- [The records]
Segment Open

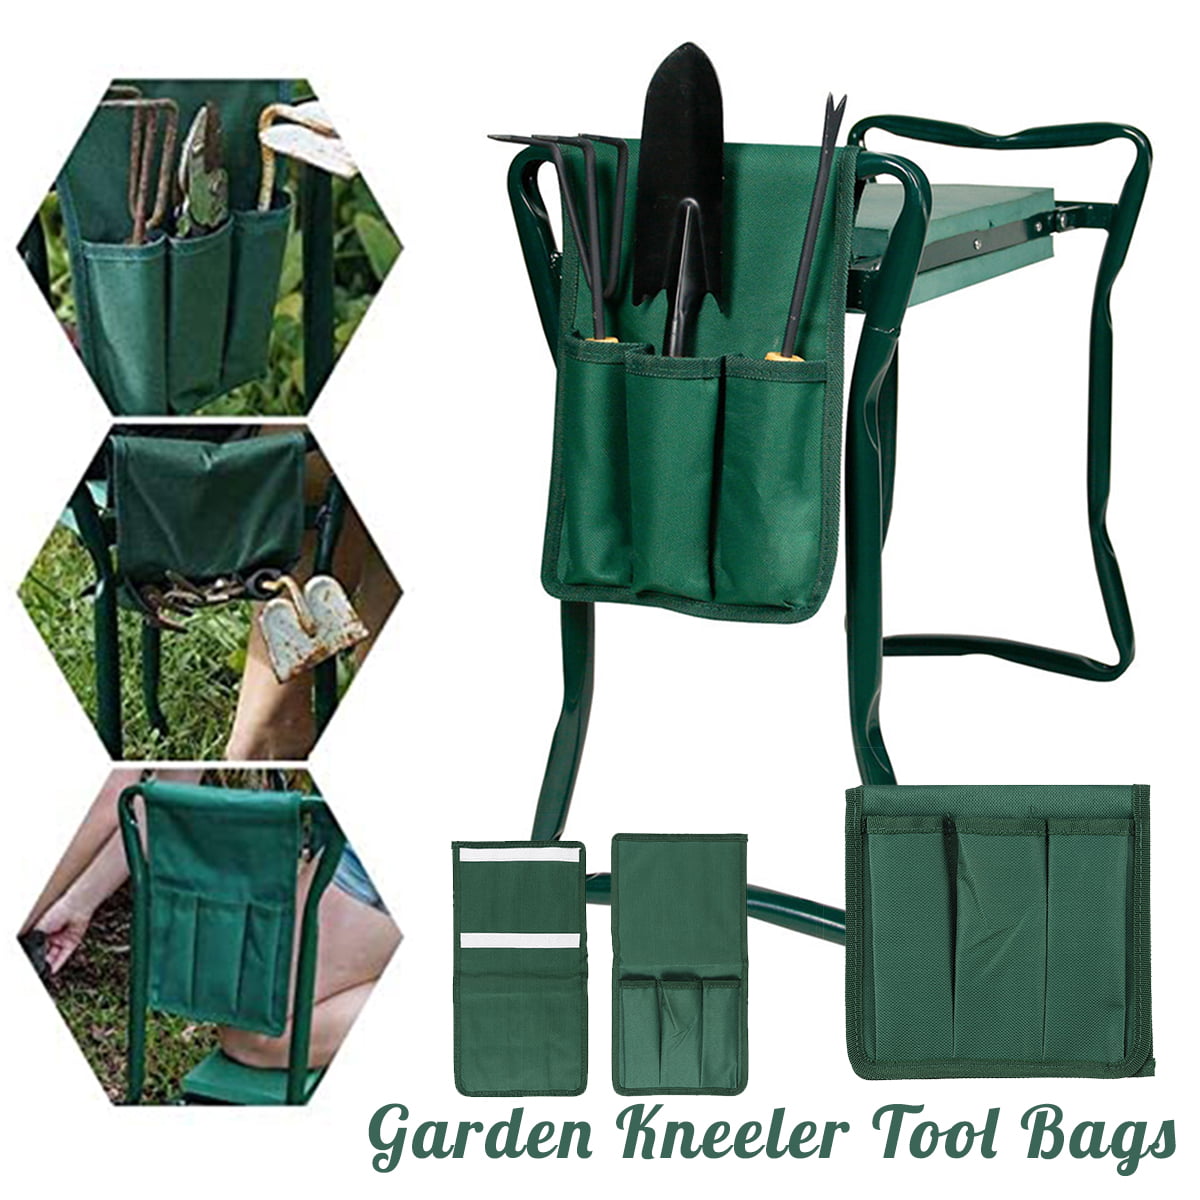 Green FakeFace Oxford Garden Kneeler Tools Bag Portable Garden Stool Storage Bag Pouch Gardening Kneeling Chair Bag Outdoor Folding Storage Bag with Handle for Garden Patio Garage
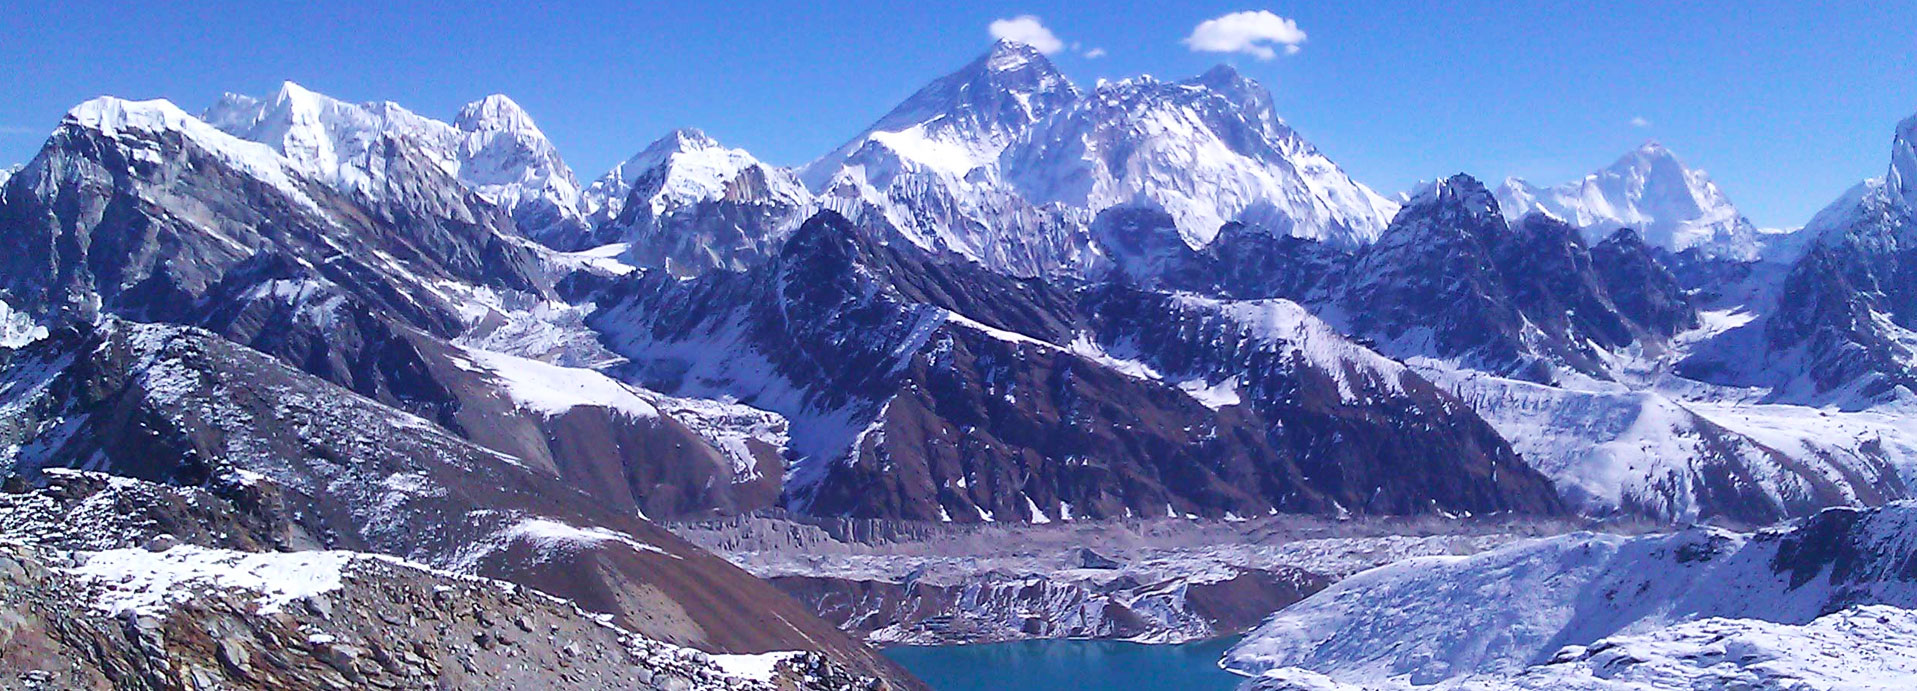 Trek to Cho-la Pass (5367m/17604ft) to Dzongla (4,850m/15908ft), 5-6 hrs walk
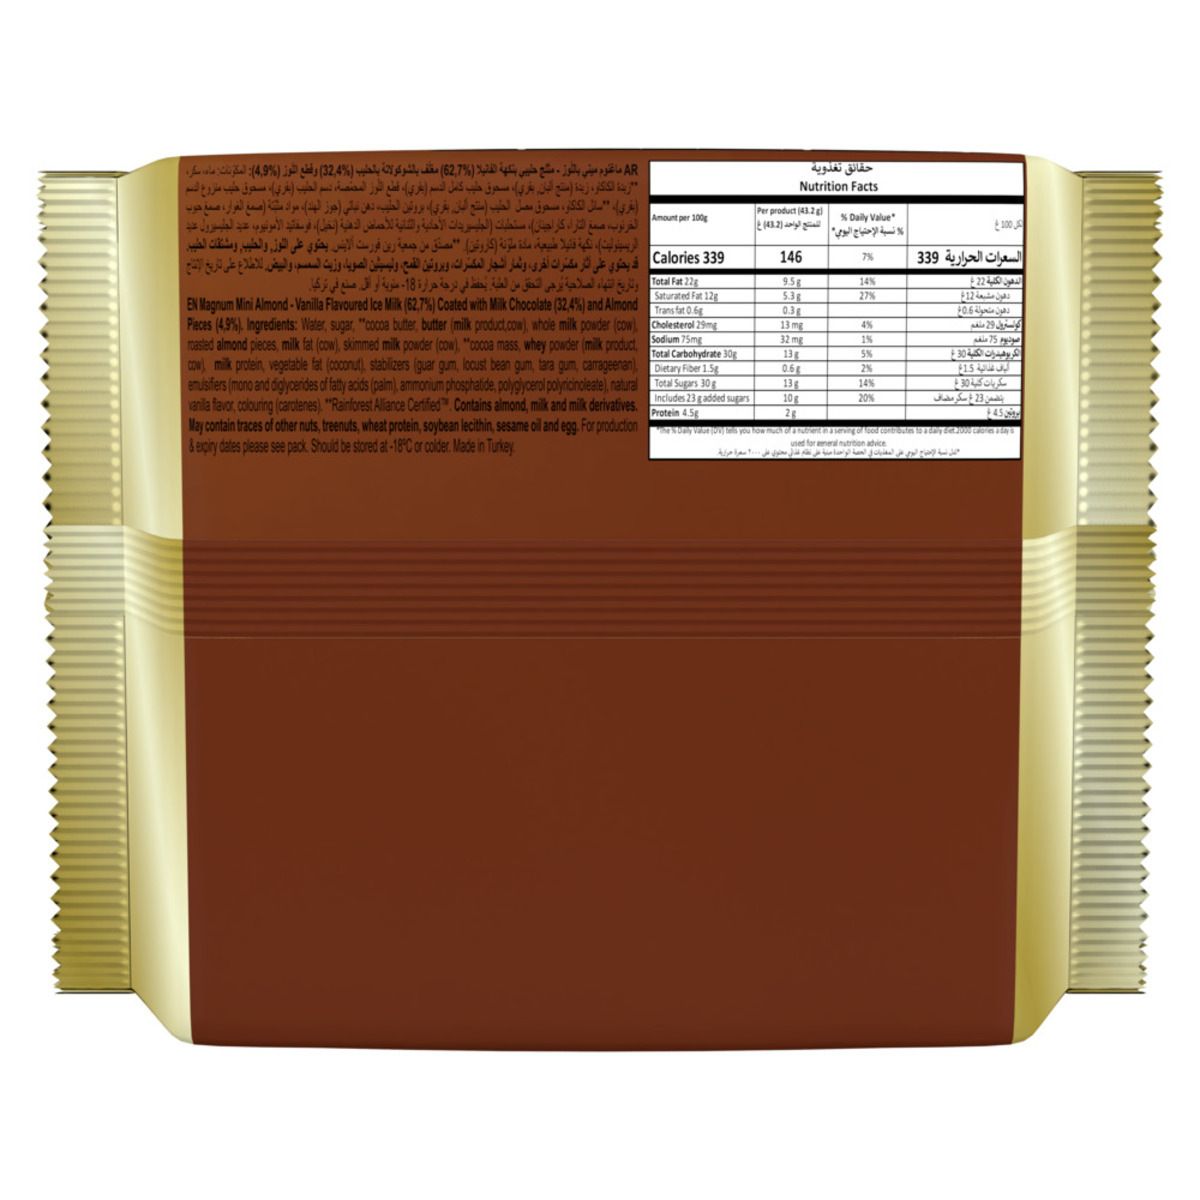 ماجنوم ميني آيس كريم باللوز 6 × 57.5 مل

Segment Closed
Segment Open

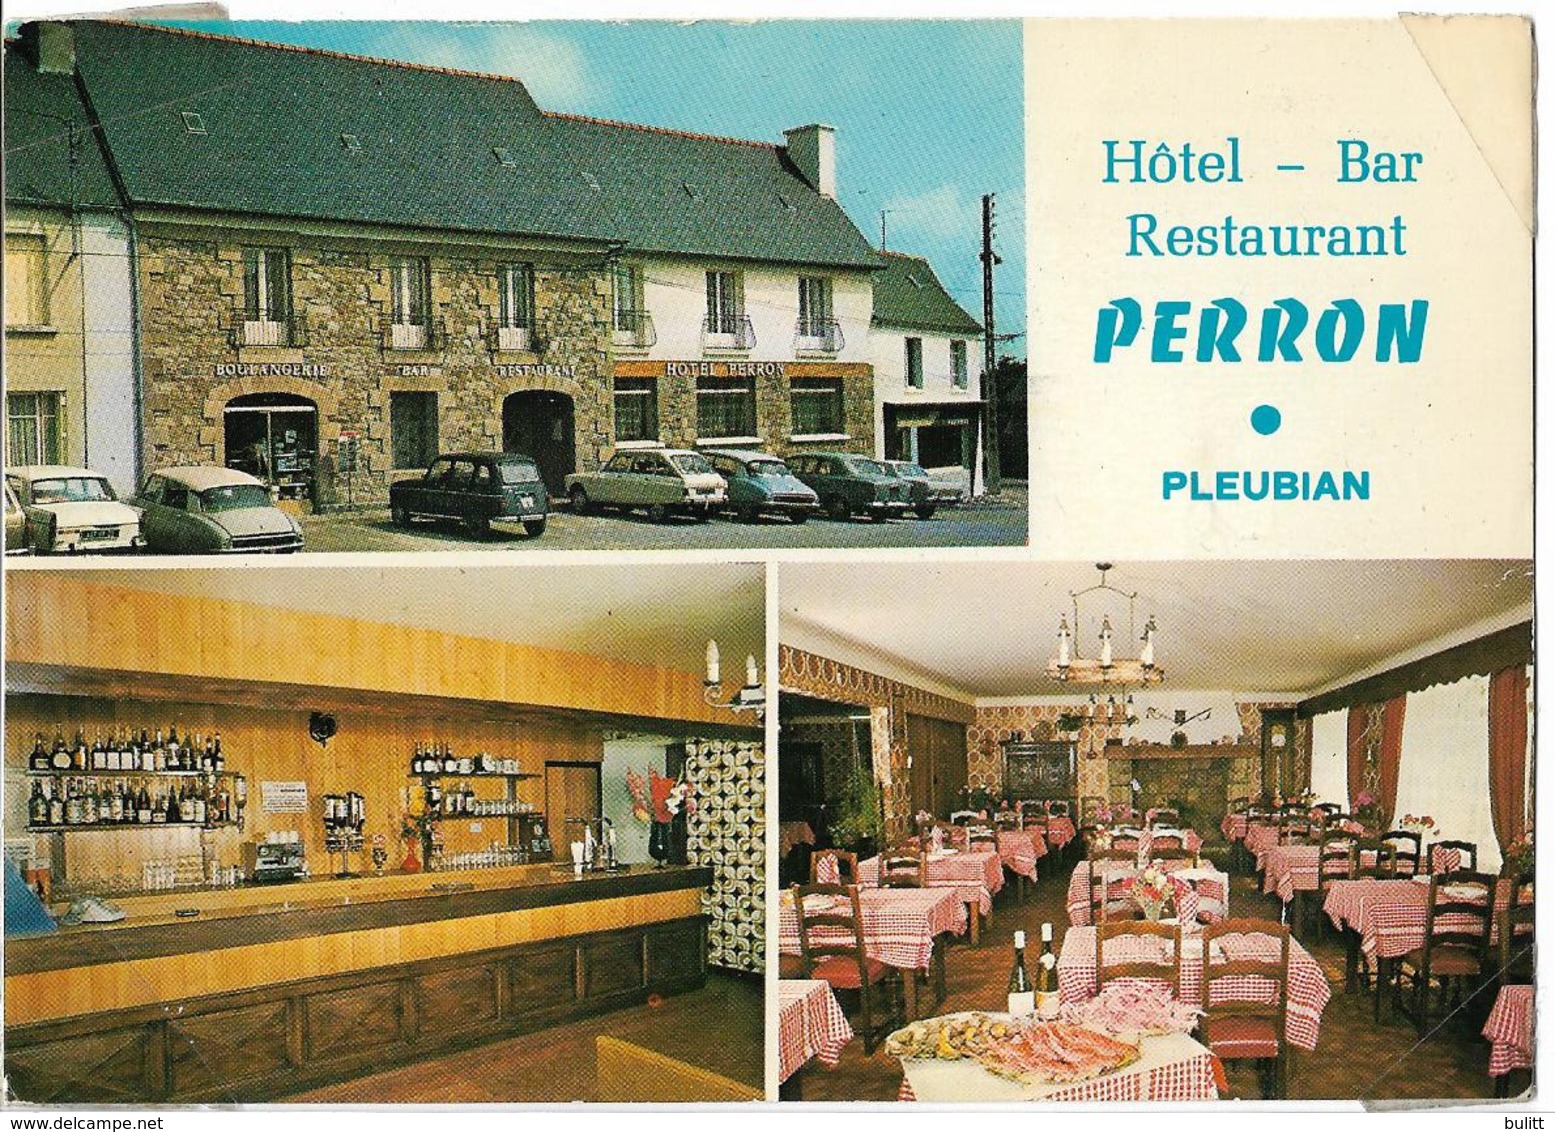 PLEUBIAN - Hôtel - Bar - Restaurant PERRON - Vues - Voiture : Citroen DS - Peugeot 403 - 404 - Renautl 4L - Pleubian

Segment Closed
Segment Open

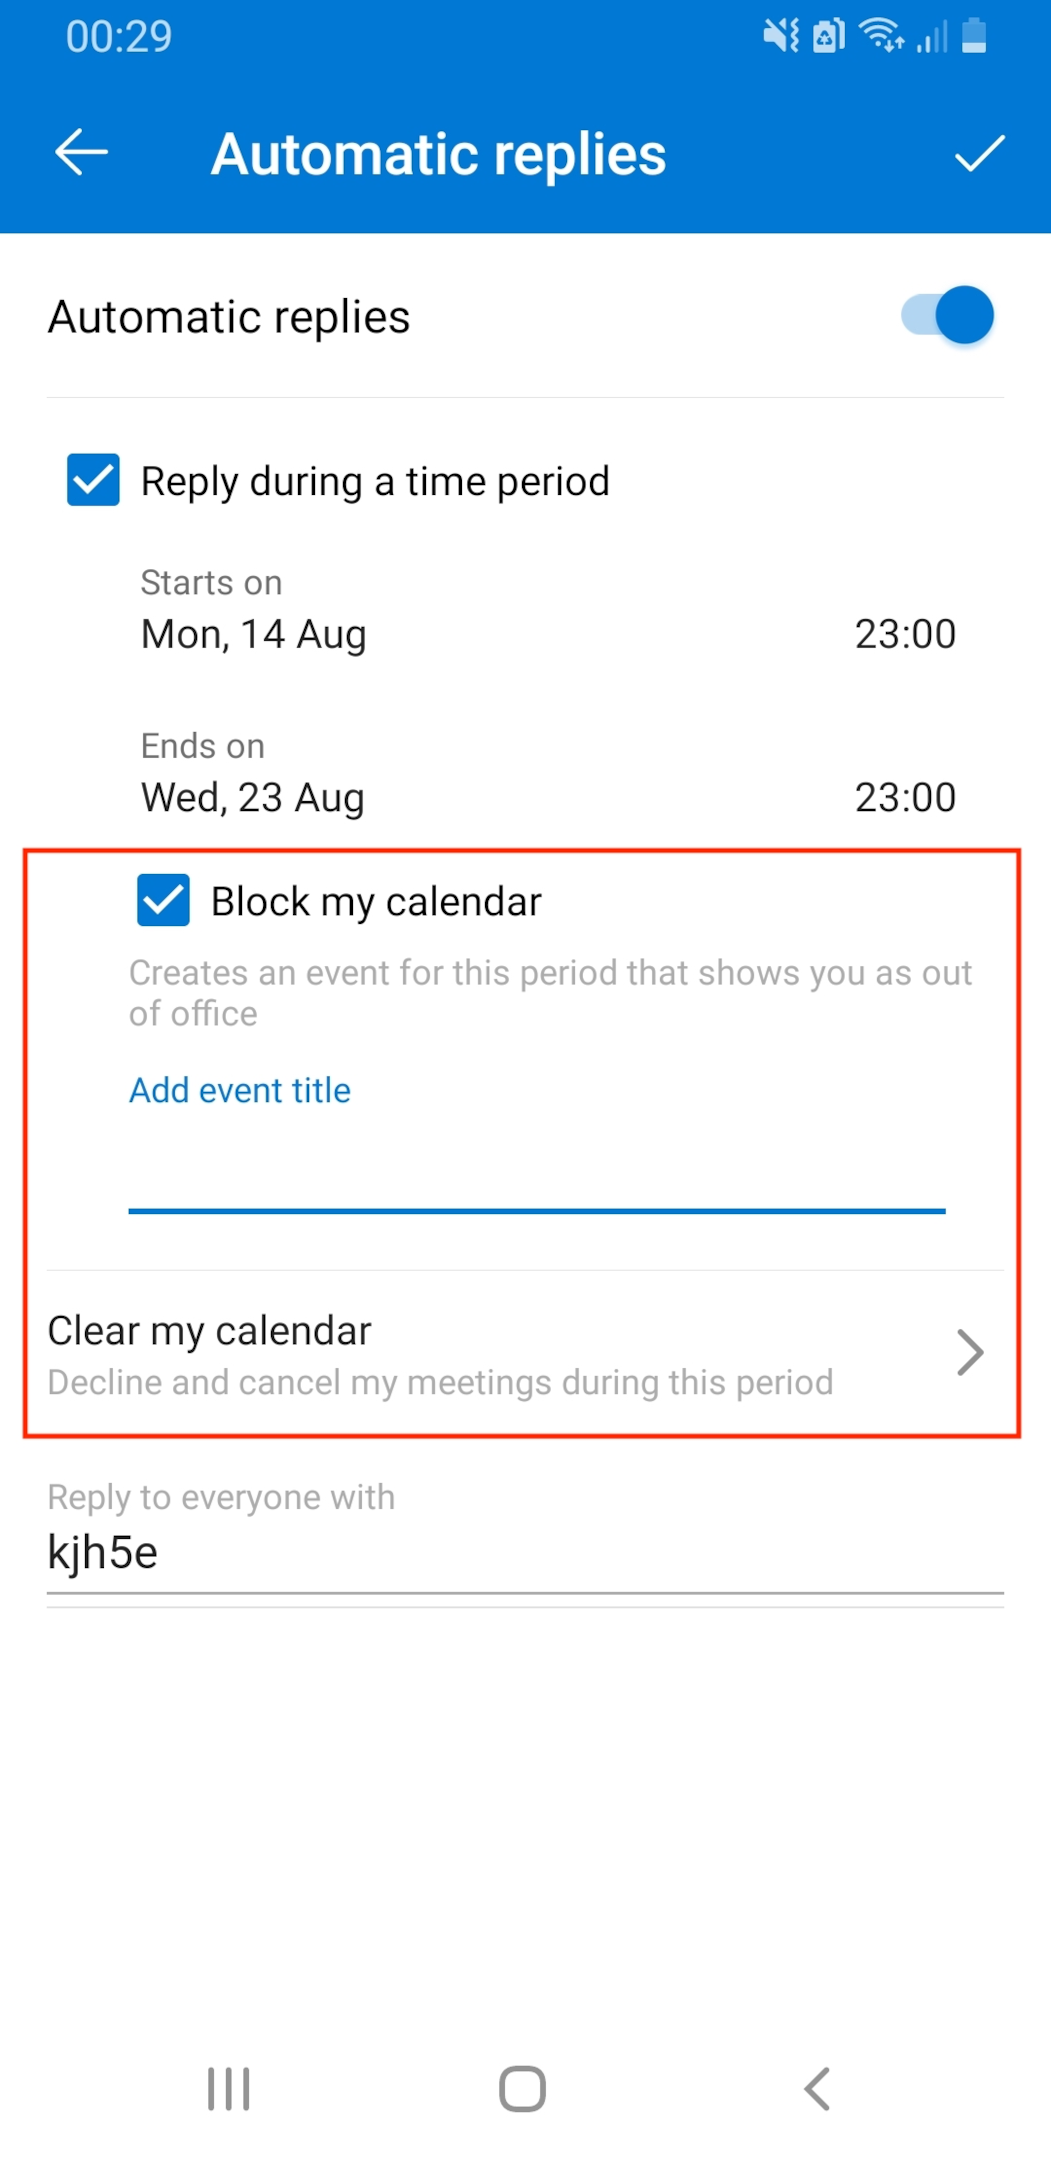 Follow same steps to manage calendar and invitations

Segment Closed

- [What the task asks] Only the lines starting at the one that includes "Green FakeFace Oxford" and ending at the one that includes "ماجنوم ميني آيس كريم باللوز 6 × 57.5 مل" should be retyped, exactly, from the records above; no pictures.

- [Written answer]
 Green FakeFace Oxford Garden Kneeler Tools Bag Portable Garden Stool Storage Bag Pouch Gardening Kneeling Chair Bag Outdoor Folding Storage Bag with Handle for Garden Patio Garage
 Trek to Cho-la Pass (5367m/17604ft) to Dzongla (4,850m/15908ft), 5-6 hrs walk
 ماجنوم ميني آيس كريم باللوز 6 × 57.5 مل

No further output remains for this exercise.